Возница поглядывал с любопытством, и я не мог прочесть по его хитрой физиономии, понимает ли он, о чем мы говорим.
— Два дня в заточении! — по инерции продолжала возмущаться Кора.
— Да, всего два дня. Я очень хотел оттянуть визит еще, но ты могла заподозрить неладное. И, поверь, твоя клетка будет не менее золоченой, чем голова Аристарха.
— Ты хотел сказать огненной, — обреченно вздохнула присмиревшая Кора.
Она умолкла и откинулась на сиденье, кажется, раздумывая над тем, как ей теперь ко мне относиться: я стал другим — мелким интриганом и предателем, почти похитителем. Она еще глубже вжалась в кресло, отстранилась от меня, и принялась смотреть в окно.
За окном простирался океан. Пока продолжалась перебранка, автомобиль выскочил с искусственного острова и несся теперь по длинному мосту, неотвратимо приближая нас к острову настоящему — бесформенному грязно–бурому пятну с наивными вкраплениями белизны и зелени. Возница–Харон, голубые воды черного Стикса, Аристарх, выпавший из лодки, дельфины, олени, поток бессознательного, бред и чушь.
Мы, парящие над морем, готовимся низринуться в реальность. Все, что сделано руками, — одежда, деньги, автомобили, насыпные острова — тленно, сегодня не менее тленно, чем две с половиной тысячи лет назад. Остров, сотканный из воображения Аристарха (который из островов?), остров, для Аристарха возникший из хаоса, — прозрачная льдинка в нагромождении инженерного пафоса. Была ли невеста, была ли таинственная невеста?
Опять, как и в аэропорту, запахло гарью. Асфальт плавится и здесь, на мосту? Но окна закрыты и работает кондиционер. Не загорелось ли что–нибудь в автомобиле? Разжалованный Харон не обращал на запах никакого внимания.
— Ты победил, — мрачно произнесла, наконец, Кора, — любое мое действие и любая реакция будут теперь одинаково глупыми. Отель «Мажестик»! Вот и ты стал, наконец, снобом.
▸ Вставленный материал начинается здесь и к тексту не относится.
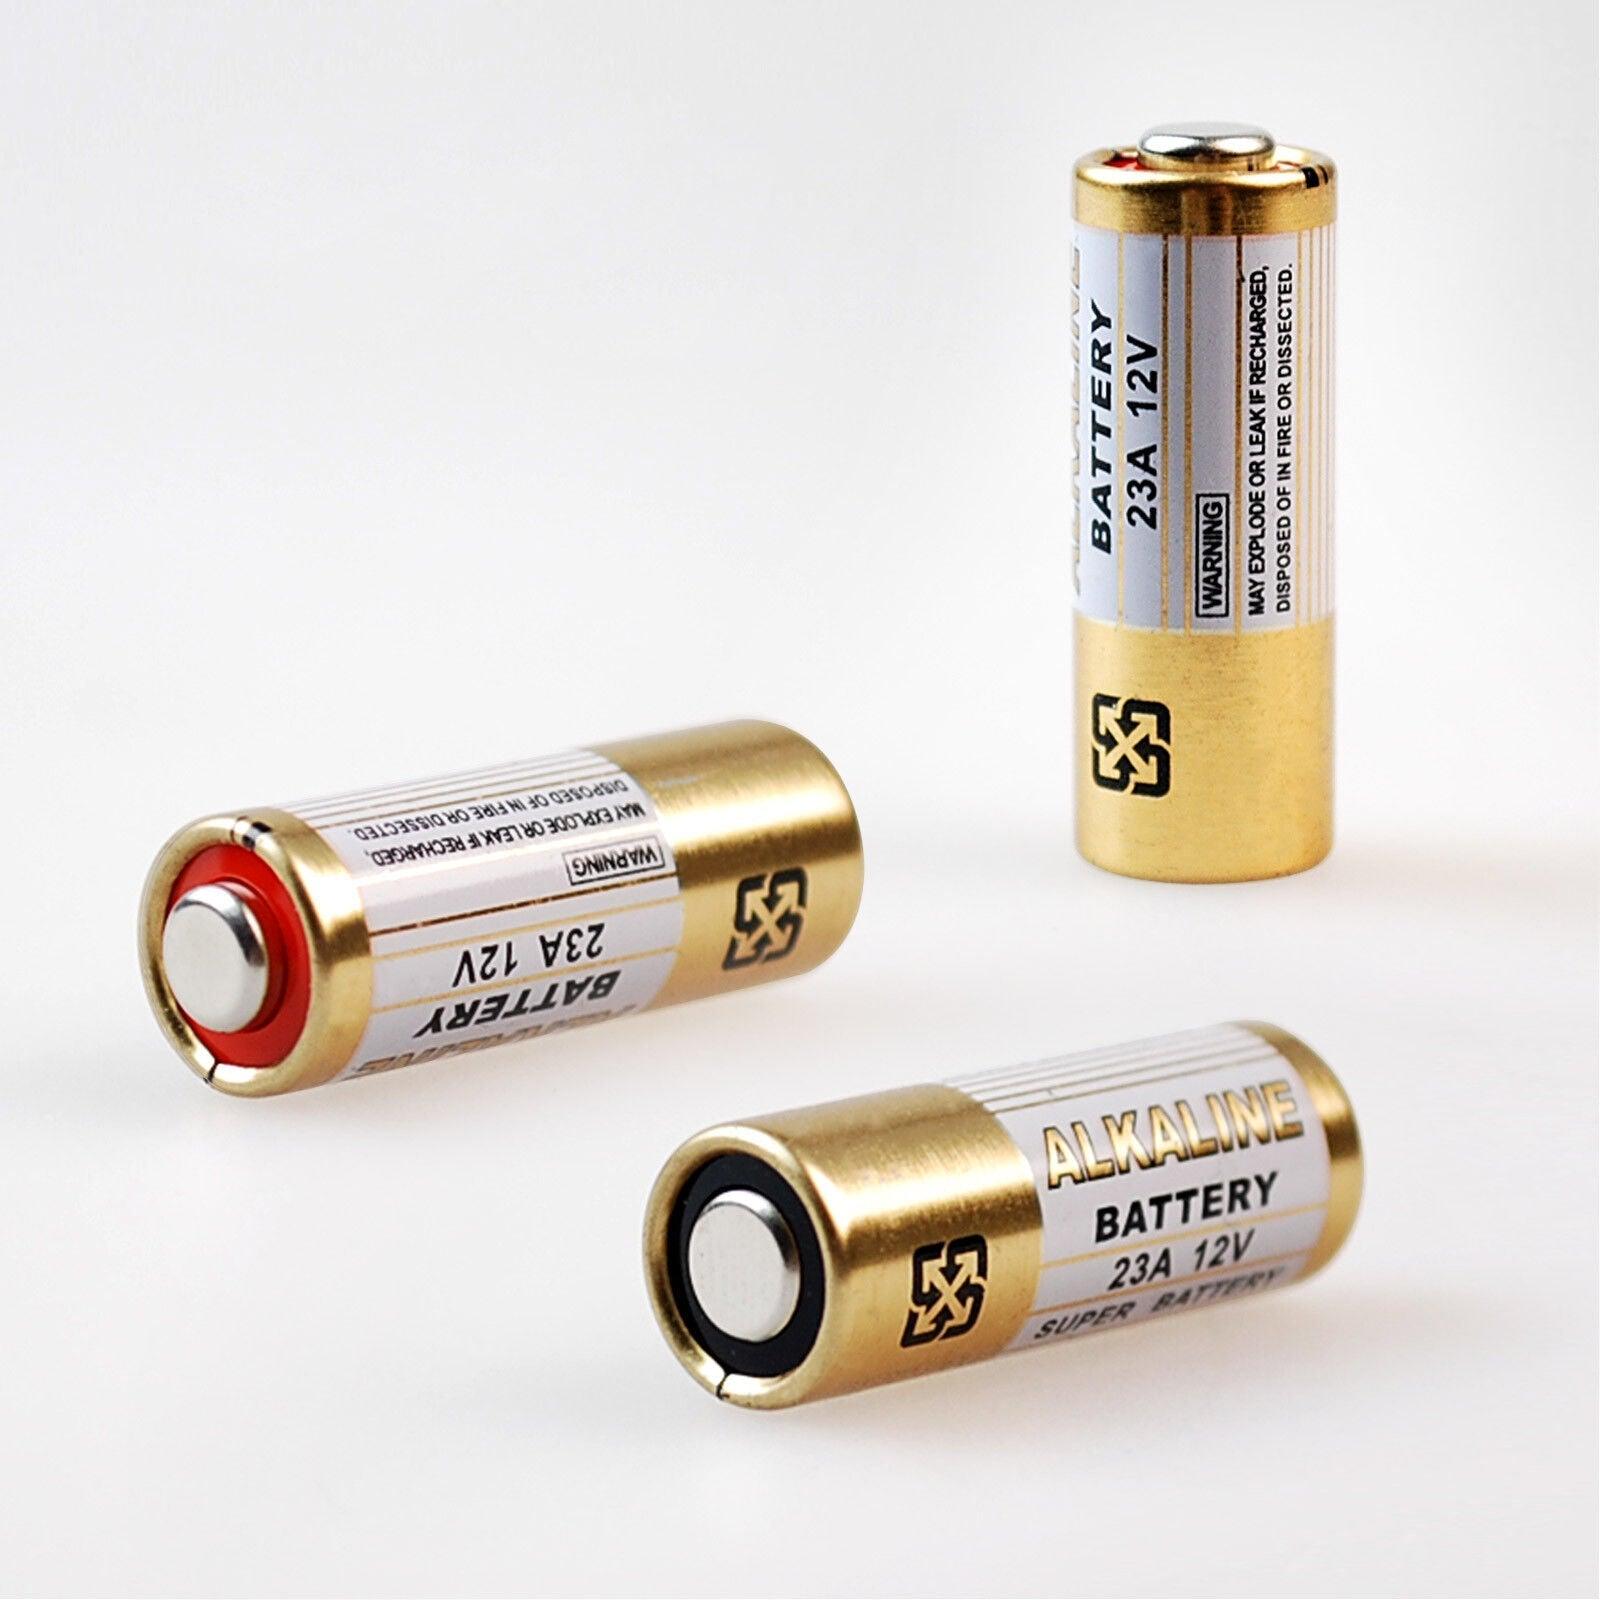 5 x A23/23A/8LR932 12V Powercell Alkaline Battery Batteries for Alarm/Remote - The Remote Factory

— О какой победе ты говоришь? Я вовсе не собирался с тобой воевать. Но спорить не стану. Действительно, после некоторых размышлений я предпочел «Мажестик» пяти другим посейдонийским отелям: «Ройял», «Сплендид», «Золото Аристарха», «Посейдония Пэлэс» и «Алмаз в океане». Есть еще три отеля попроще, новые, на другой оконечности острова, но о них я и не думал.
Последнее перечисление сняло остатки напряжения. Кора одобрительно рассмеялась, я вслед за ней. Жулик–Харон продолжал поглядывать на нас глумливо–подозрительно–всепонимающе. Невыносимы эти липкие взгляды южных простолюдинов. Какие языки он знает? Понимает ли он нас?
Машина двигалась все медленнее, при въезде на остров увязнув в нудно–торжественном шествии жестоко обескрыленных разноцветно–механических кузин–букашек. Но вот и хищно сопящие начальственные жуки–великаны — автобусы FWA, крытые грузовики отелей, супермаркетов и той же FWA, по какому–то антиприродному недоразумению не подминающие под себя пеструю, беспорядочно гудящую мелочь. Возница наш тоже часто и раздраженно гудел, а счетчик, между тем, ритмично и громко предварял грядущий шелест купюр.
В вашей возлюбленной античности не было ничего красивого, ничего достойного восхищения — лет сто кряду человечество пичкает себя этой пресной технологизированной котлетой, выдавая ее за последний вопль кулинарно–культурной моды лишь затем, чтобы не соблазняться эманирующими в ананасовый сок олимпийскими нектарами, — грязь и грех, потоки нечистот и свинства, мнимое, только мнимое изящество и очень не обработанный, априорный, капризно–детский интеллект. Увидеть и воспеть красоту в настоящем — вот восторг, вот гениальность! Все журналисты, даже самые никчемные, за сто с лишним лет неустанной практики кое–как этому выучились. Мир переполнился гениями, а я, злоупотребив идеальным, выброшен из него сюда, на свалку цивилизации.
Букашки, утратив юркую свободу, понемногу превращались в черепашек или улиток, и вскоре выяснилась причина одномерных недоразумений на натянутой над морем металлической (что ирреально в одномерности) нити. При въезде на остров, шоссе, в которое незаметно переходил мост–нить, сливалось с другим, тоже отчасти нависающим над водой, ведущим из морского порта.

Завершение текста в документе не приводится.